Je le vis culpabiliser et cela me brisa encore plus le cœur car ni lui ni moi n’étions Dieu. Mais en réalité, si Brice était ainsi, c’était parce que pendant son retour au pays,  il avait profité pour mettre enceinte la femme qu’il y avait dotée. Un second enfant était né et il devait s’y rendre pour connaître son fils. Le premier enfant était une fille.

Il avait tellement su tout cacher que je ne vis rien venir.

Au cours de la sixième année, je finis par me résoudre au fait que je ne pouvais pas être maman car les médecins disaient que tout allait pourtant bien mais que bizarrement mon utérus rejetait les fœtus. Je me voyais maudite. Moi qui critiquais les autres femmes, qui disaient que ne pas avoir d’enfant alors qu’on a tout fait comme cela se devait, c’était simplement parce que de par le passé on a dû offenser la nature avec un avortement…

Voilà que je me retrouvais dans la même situation alors que jamais je n’avais commis ce crime de toute ma vie.

Ce fut l’occasion de vraiment me remettre en cause. J’avais trop longtemps regardé les autres de haut, j’avais été trop égoïste et imbue de ma personne. Je me voyais trop parfaite trop belle et trop différente. Je ne me voyais pas accepter les avances de n’importe quel homme. Celles qui avaient des problèmes, c’étaient les autres, pas moi… Je m’étais juste trompée sur toute la ligne. Je découvrais tous les jours que je n’étais simplement pas mieux que les autres et leur faire face était devenu une véritable corvée car la honte était mon partage.

Mes copines me demandaient tout le temps si mon mari n’était pas en manque d’enfant, si notre couple n’avait pas un plus sérieux problème. Je n’osais plus sortir, aller en public, aller en famille. Je restais chez moi cloitrée entre quatre murs ou dans mes salons, cachée dans mes bureaux.
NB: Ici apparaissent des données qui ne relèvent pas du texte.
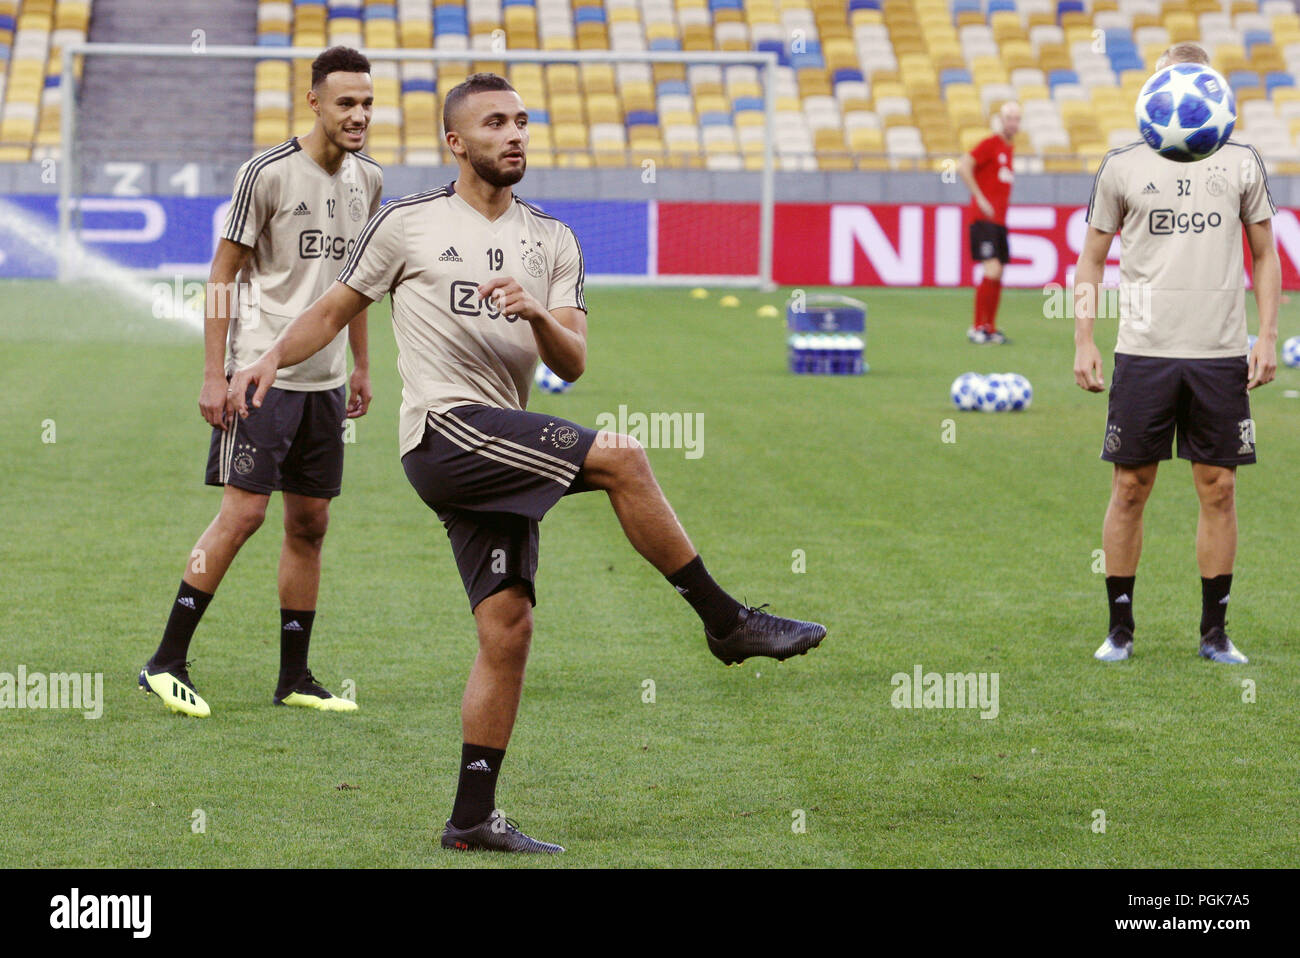 Kiev, Ukraine. 27th Aug, 2018. Ajax's ZAKARIA LABYAD (2-L) in action during  a training session of Ajax players at the Olimpiyskiy stadium in Kiev,  Ukraine, on 27 August 2018. Ajax will face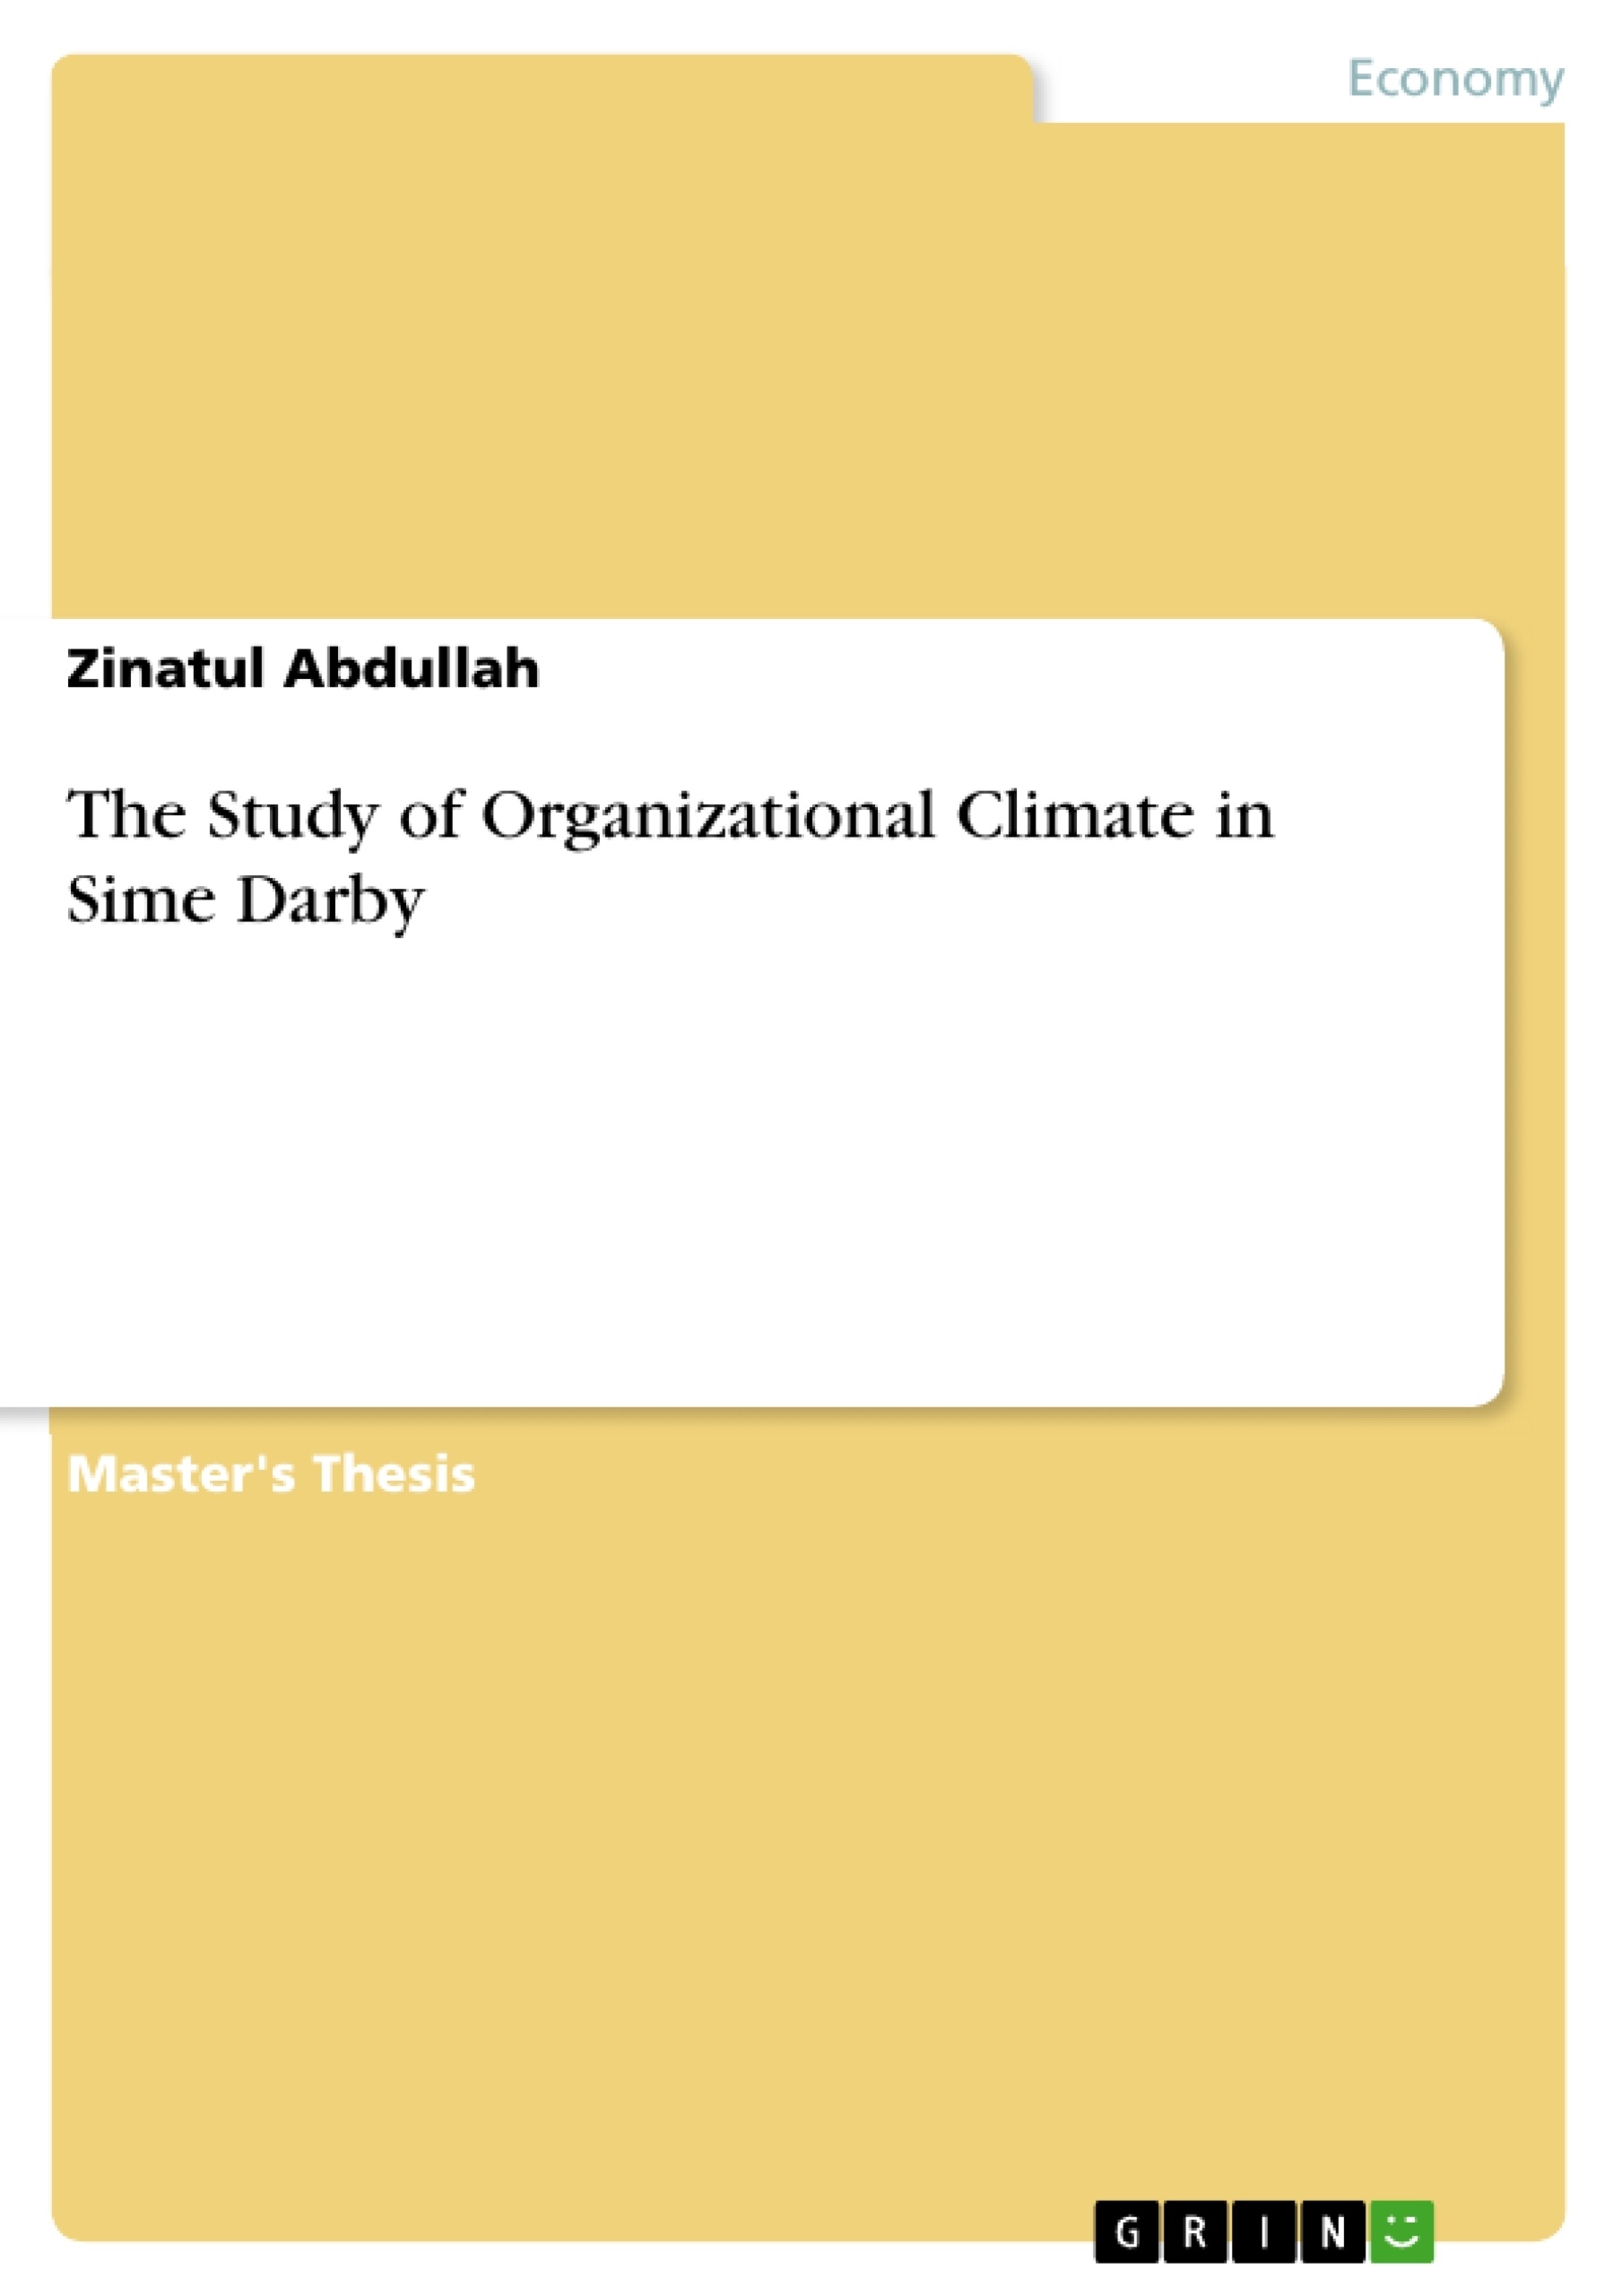 Title: The Study of Organizational Climate in Sime Darby

J’avais vraiment tout sauf un enfant, j’avais selon moi l’homme parfait mais lui aussi, j’allais le perdre car il m’avait menti sur toute la ligne.

Dans notre septième année, mon mari trouva enfin un travail à son goût. Recruté dans une grosse agence de Marketing digital, il avait un très bon salaire, de ce qu’il m’avait dit…  Je m’étais dite qu’il allait pouvoir prendre la relève au niveau des charges et tout le reste mais à ma grande surprise, monsieur ne changea rien. Je continuais de payer les dépenses de la maison et lorsque je lui en parlais, il me disait être en train de monter un bon business au pays dans lequel il investissait car ce business était l’opportunité du siècle.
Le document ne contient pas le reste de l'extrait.